An Exception is raised if schema refresh fails for any reason.

refresh_keyspace_metadata(keyspace, max_schema_agreement_wait=None)[source]¶

Synchronously refresh keyspace metadata. This applies to keyspace-level information such as replication and durability settings. It does not refresh tables, types, etc. contained in the keyspace.

See refresh_schema_metadata() for description of max_schema_agreement_wait behavior

refresh_table_metadata(keyspace, table, max_schema_agreement_wait=None)[source]¶

Synchronously refresh table metadata. This applies to a table, and any triggers or indexes attached to the table.

See refresh_schema_metadata() for description of max_schema_agreement_wait behavior

refresh_user_type_metadata(keyspace, user_type, max_schema_agreement_wait=None)[source]¶

Synchronously refresh user defined type metadata.

See refresh_schema_metadata() for description of max_schema_agreement_wait behavior

refresh_user_function_metadata(keyspace, function, max_schema_agreement_wait=None)[source]¶

Synchronously refresh user defined function metadata.

function is a cassandra.UserFunctionDescriptor.

See refresh_schema_metadata() for description of max_schema_agreement_wait behavior

refresh_user_aggregate_metadata(keyspace, aggregate, max_schema_agreement_wait=None)[source]¶

Synchronously refresh user defined aggregate metadata.

aggregate is a cassandra.UserAggregateDescriptor.

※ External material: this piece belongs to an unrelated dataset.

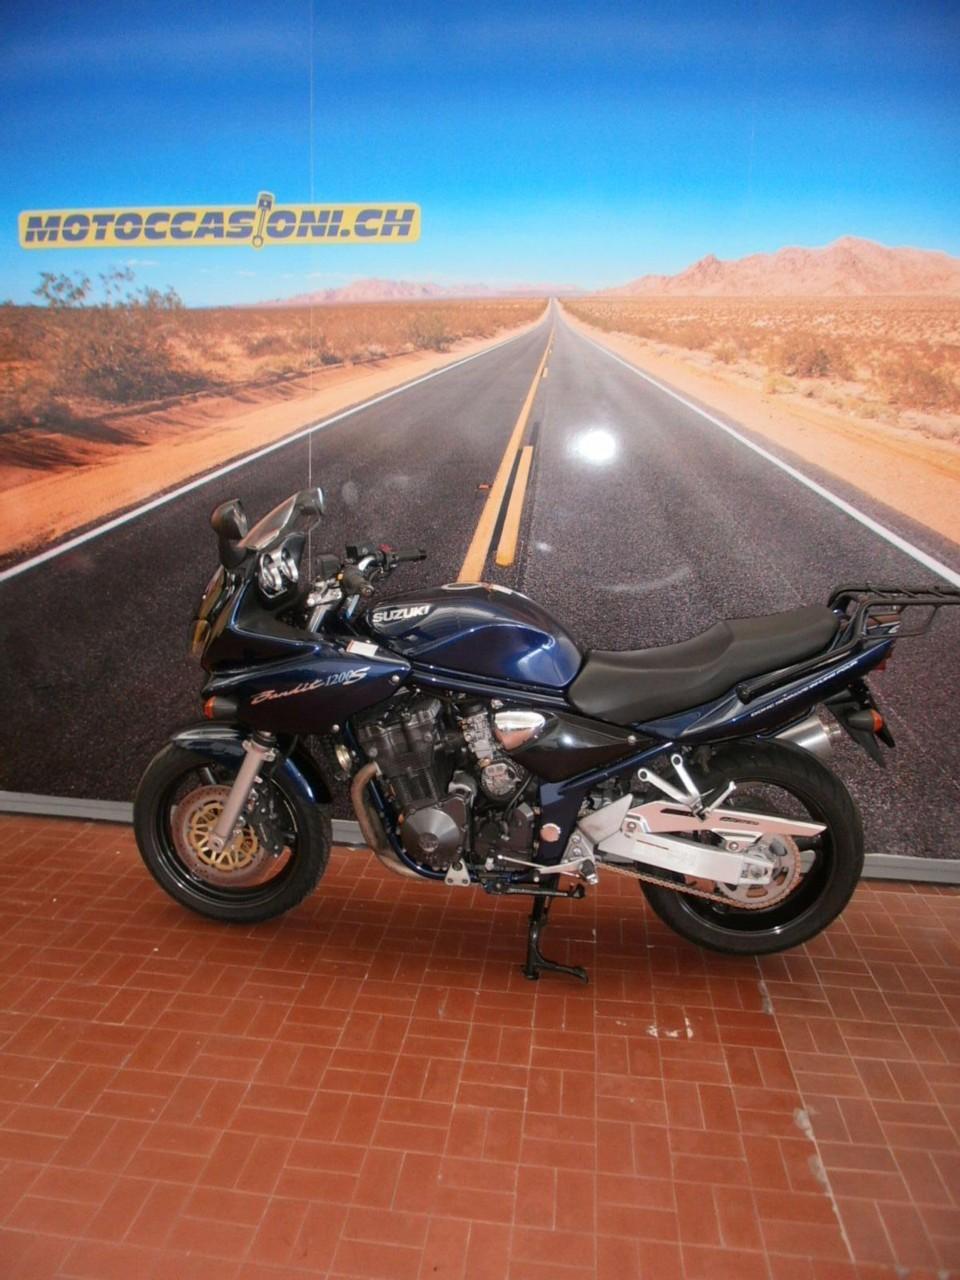 motorrad occasion kaufen suzuki gsf 1200 s bandit motoccasioni sa grancia. Black Bedroom Furniture Sets. Home Design Ideas
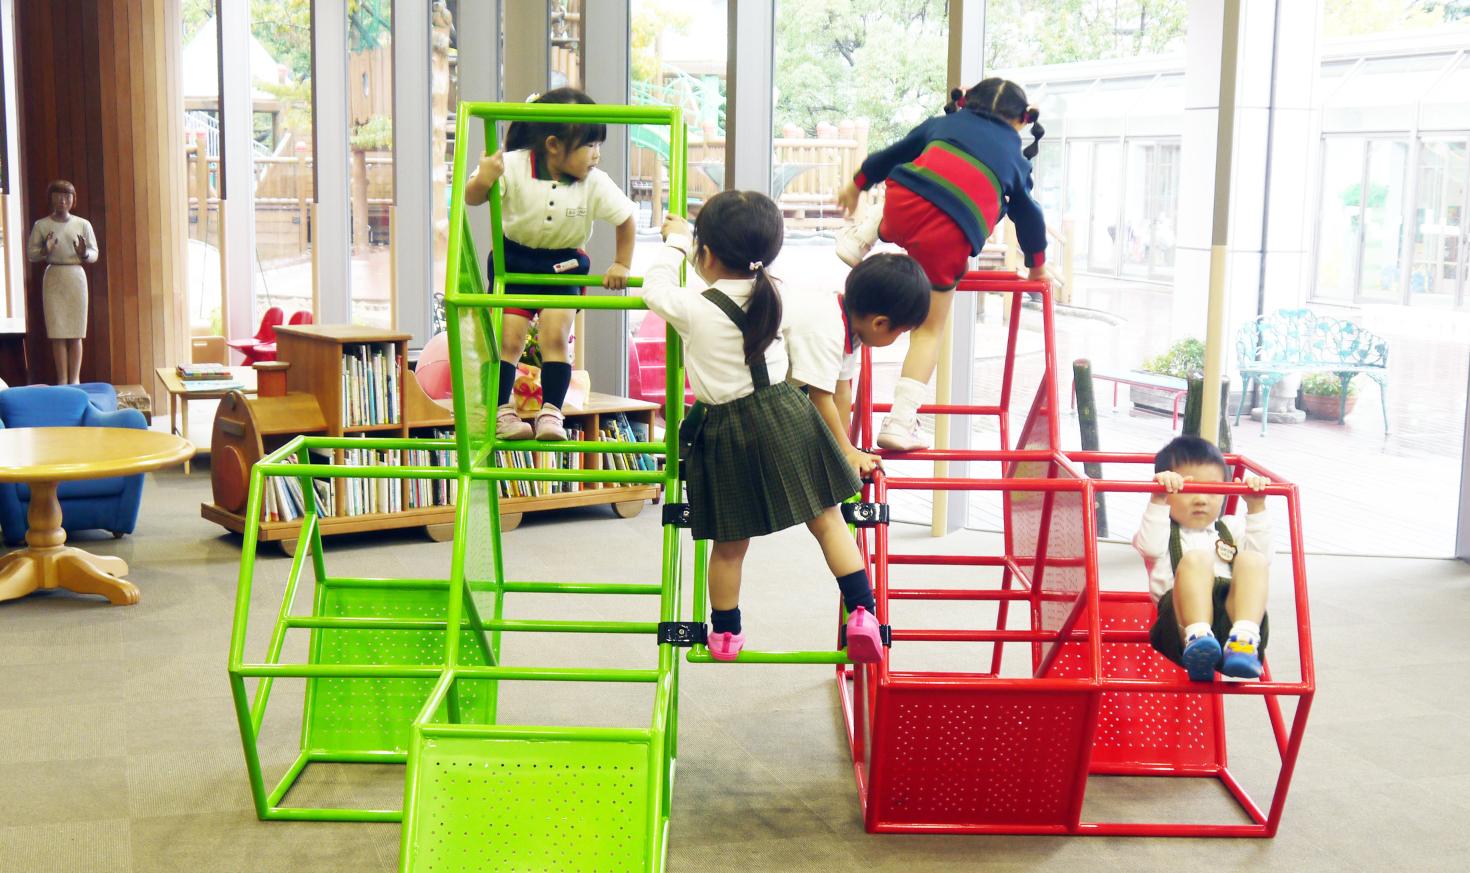 子どもたちを取り巻くデザイン vol.1  遊具デザイナーと考える、遊びとデザインの関係性

See refresh_schema_metadata() for description of max_schema_agreement_wait behavior

refresh_nodes()[source]¶

Synchronously refresh the node list and token metadata

An Exception is raised if node refresh fails for any reason.

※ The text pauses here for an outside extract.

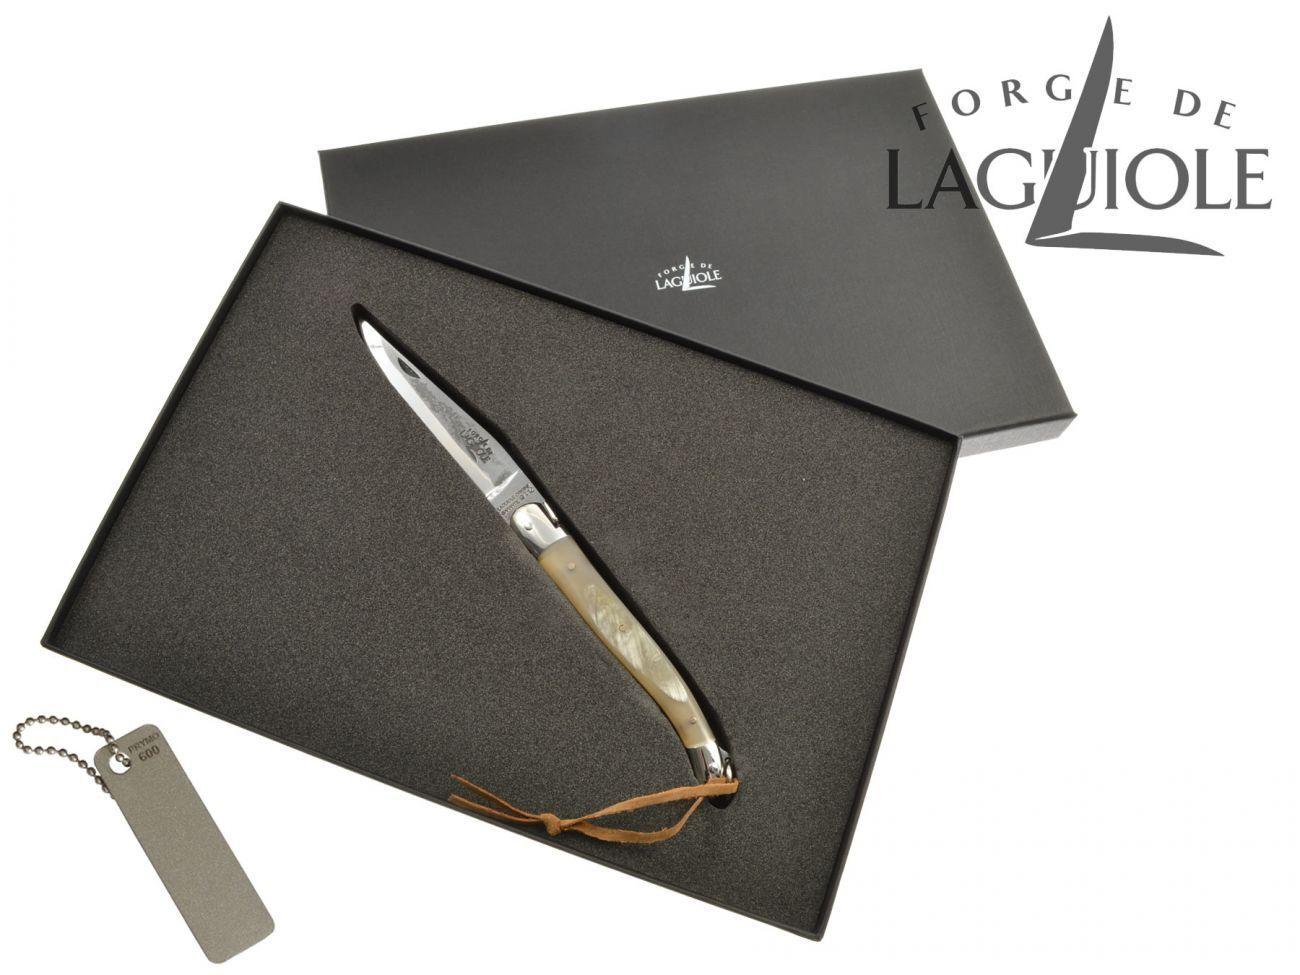 Forge de Laguiole Couteau Couteau Couteau Couteau de poche 11 cm Rinderhorn brillant mat + plus edbc9a

set_meta_refresh_enabled(enabled)[source]¶

Deprecated: set schema_metadata_enabled token_metadata_enabled instead

Sets a flag to enable (True) or disable (False) all metadata refresh queries. This applies to both schema and node topology.

Disabling this is useful to minimize refreshes during multiple changes.

Meta refresh must be enabled for the driver to become aware of any cluster topology changes or schema updates.